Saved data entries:
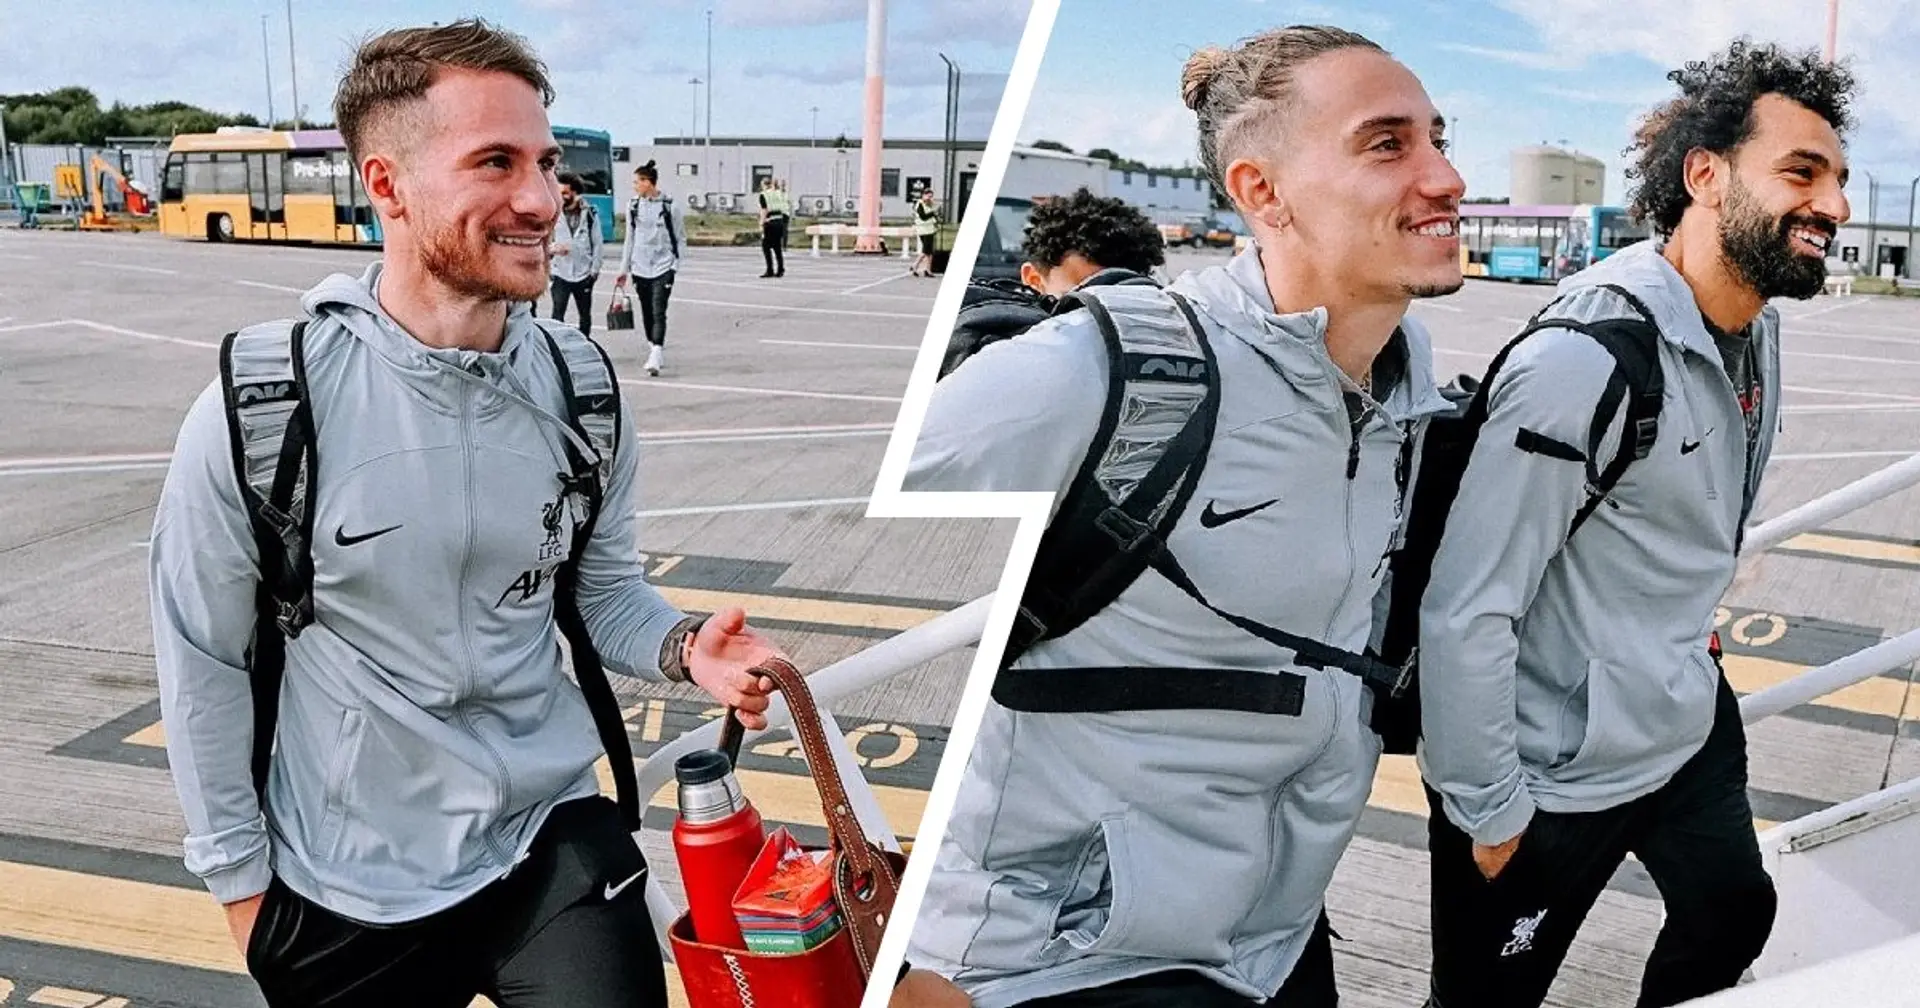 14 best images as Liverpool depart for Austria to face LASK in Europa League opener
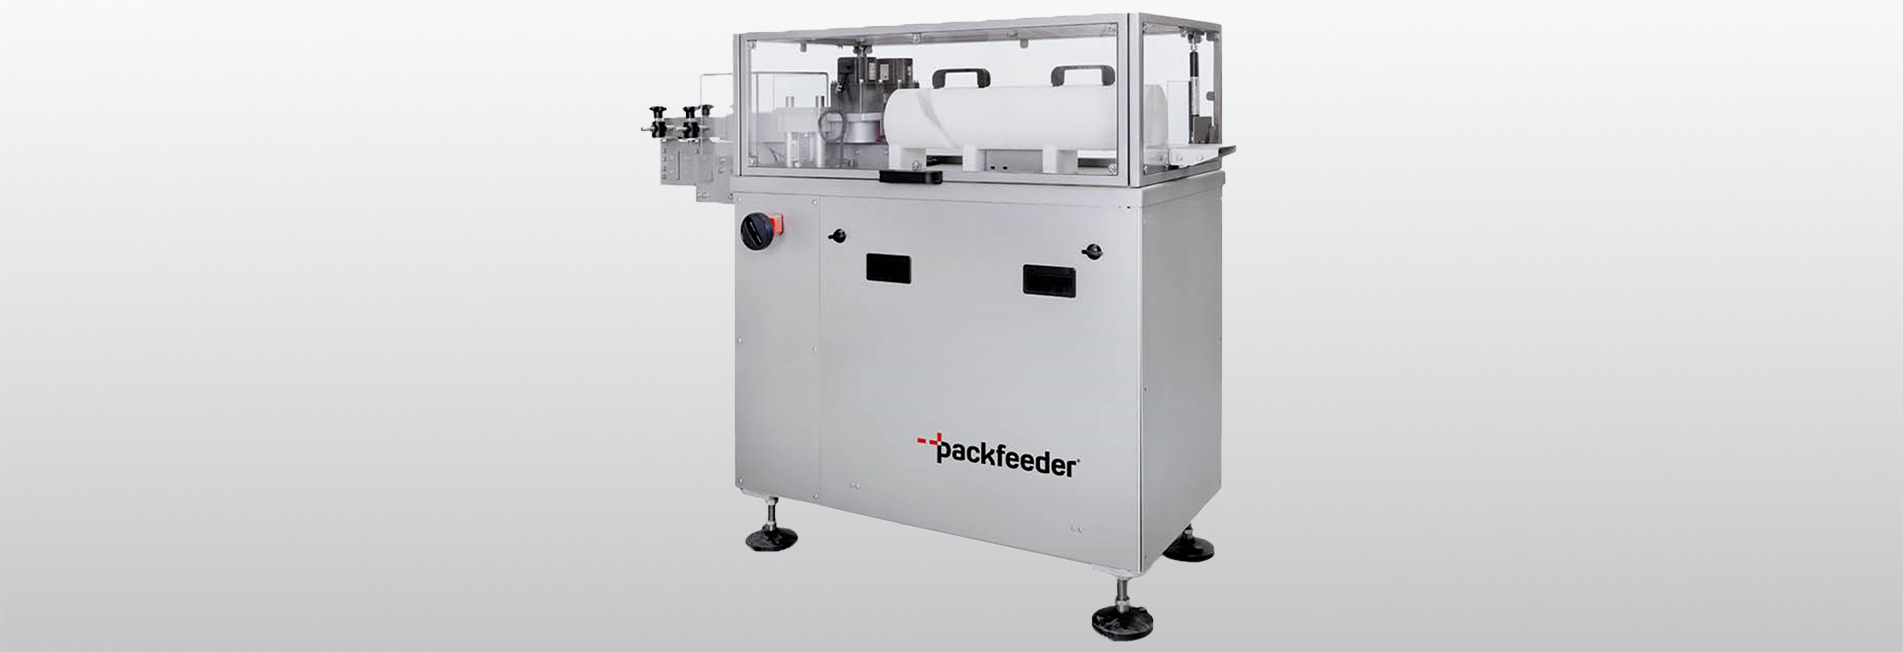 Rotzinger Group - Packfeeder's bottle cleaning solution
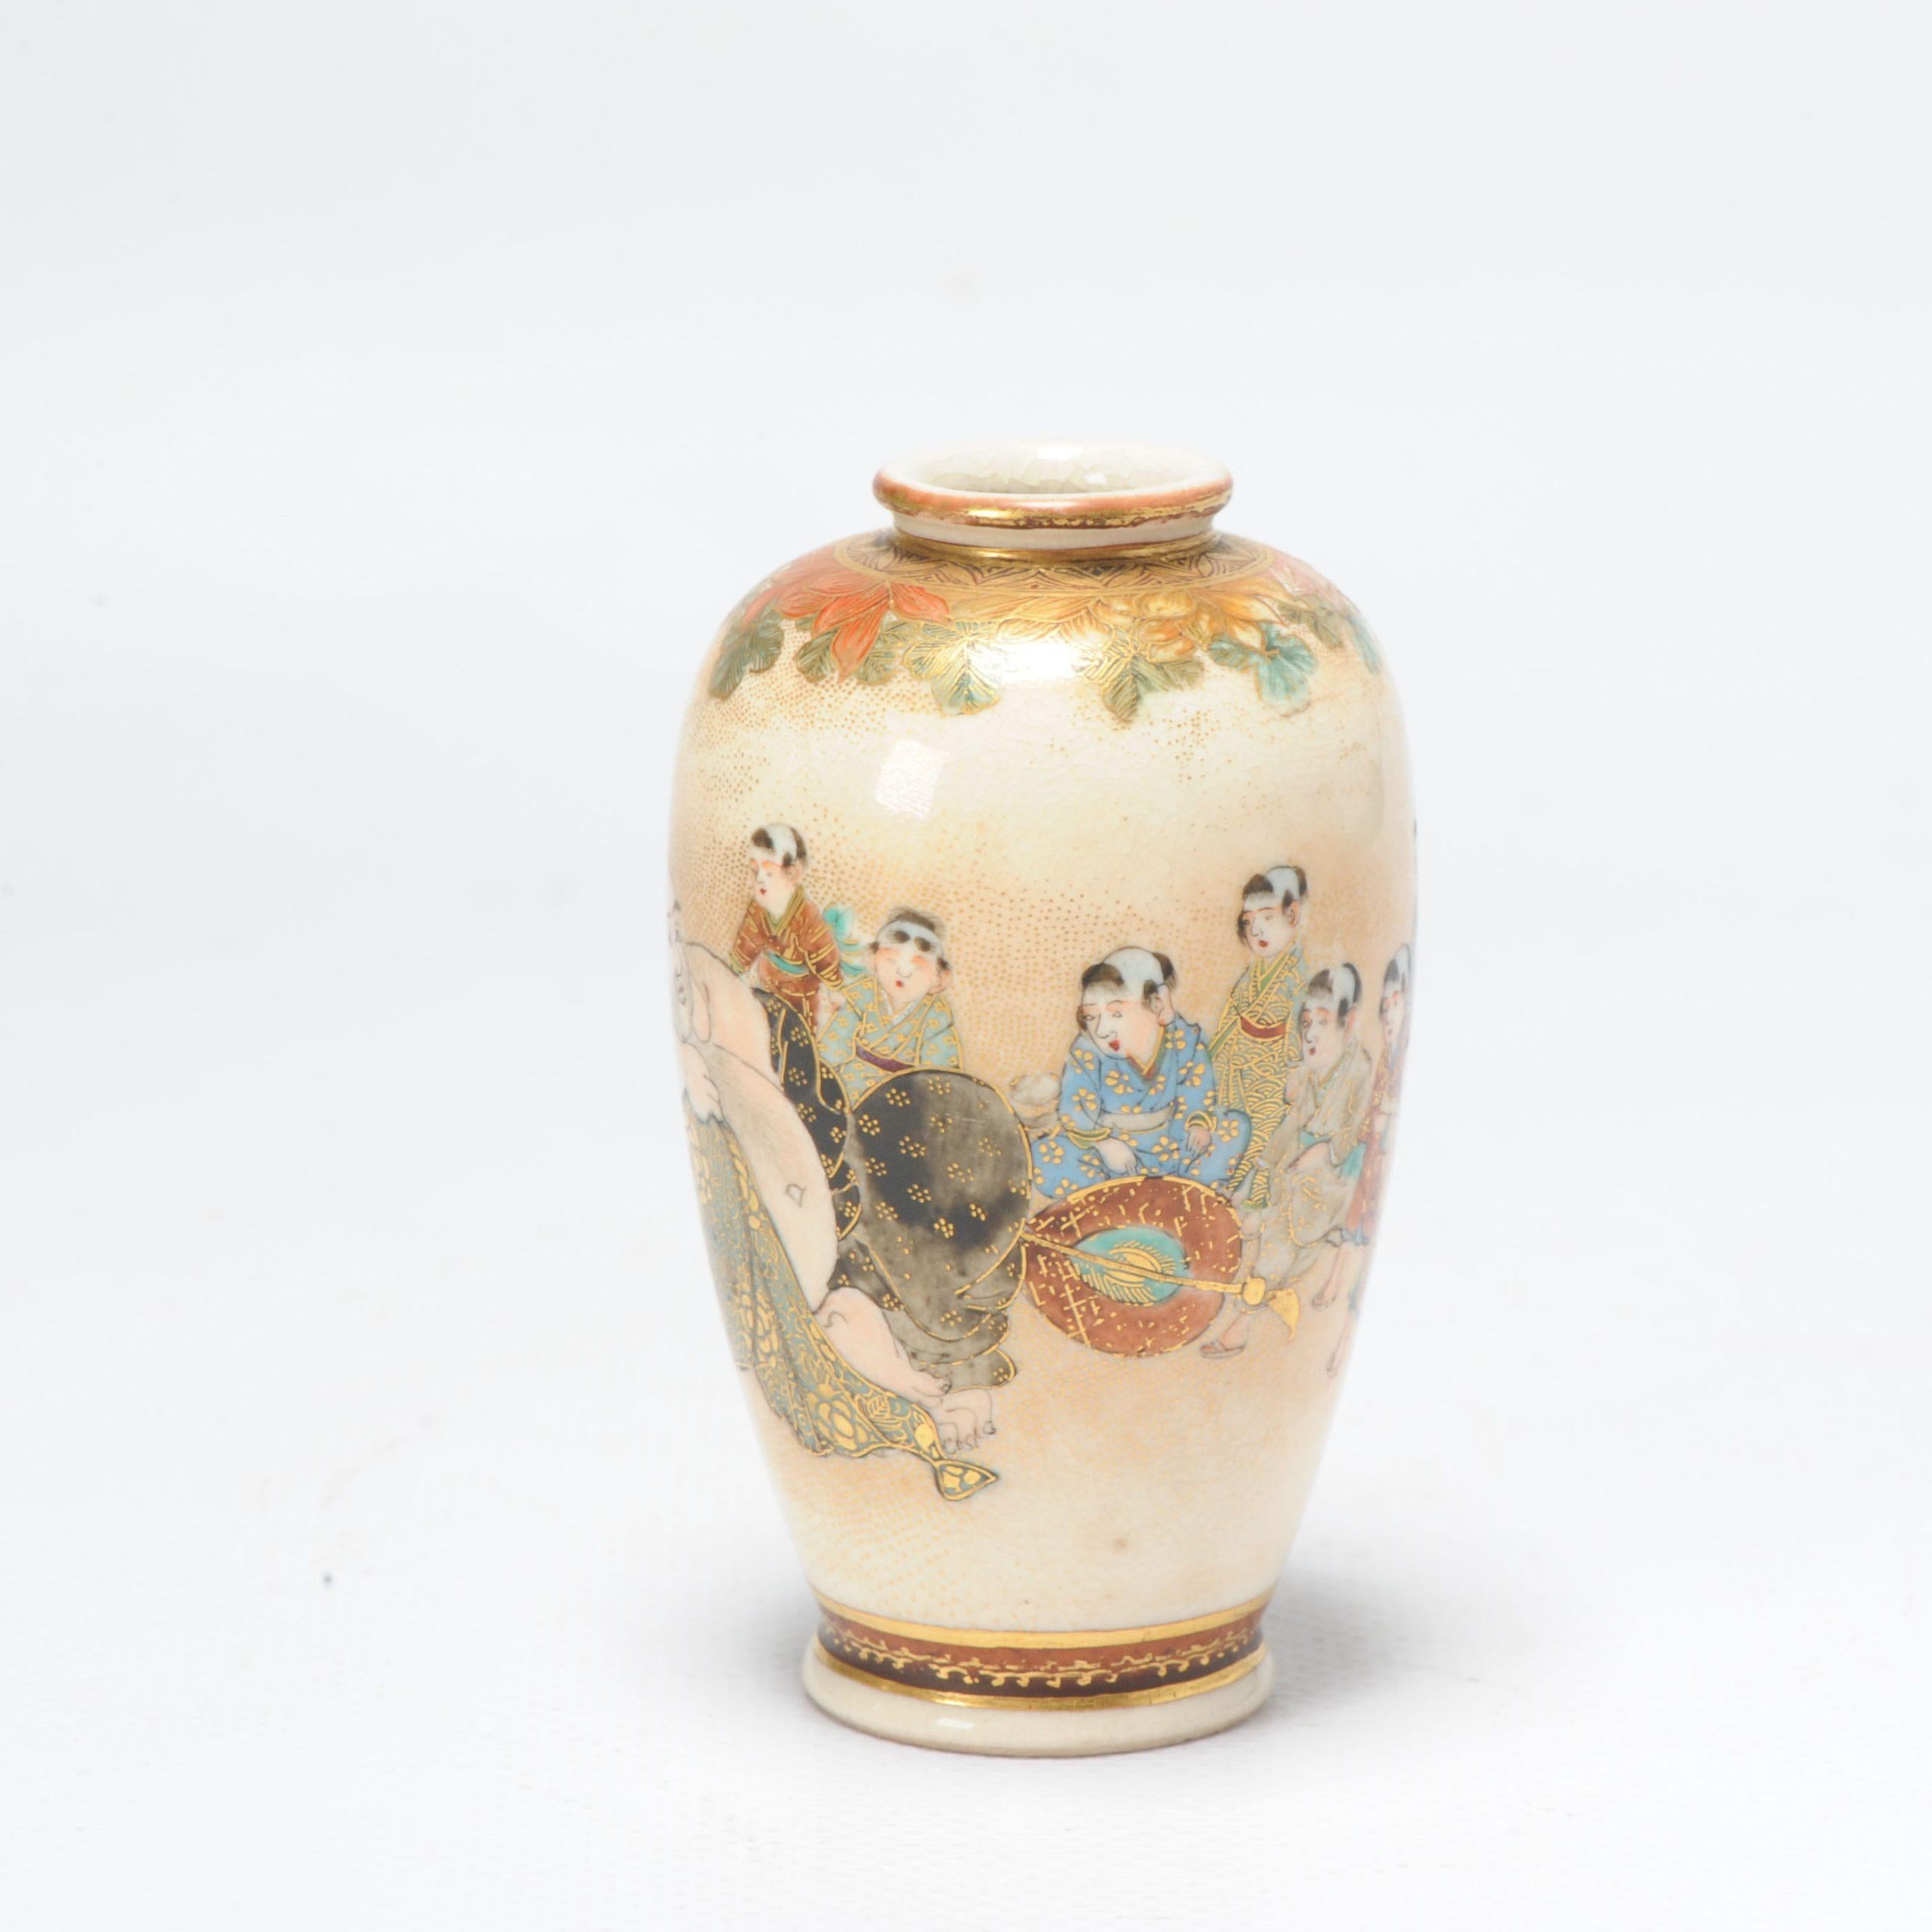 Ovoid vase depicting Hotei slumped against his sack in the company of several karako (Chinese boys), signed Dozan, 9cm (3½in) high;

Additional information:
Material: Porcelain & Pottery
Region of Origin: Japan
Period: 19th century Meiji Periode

• _WORK TASK_: Write the records out once more, exactly as they appear, with no pictures.

• _THE ANSWER_:
 14 best images as Liverpool depart for Austria to face LASK in Europa League opener
 Rotzinger Group - Packfeeder's bottle cleaning solution
 Ovoid vase depicting Hotei slumped against his sack in the company of several karako (Chinese boys), signed Dozan, 9cm (3½in) high;

Additional information:
Material: Porcelain & Pottery
Region of Origin: Japan
Period: 19th century Meiji Periode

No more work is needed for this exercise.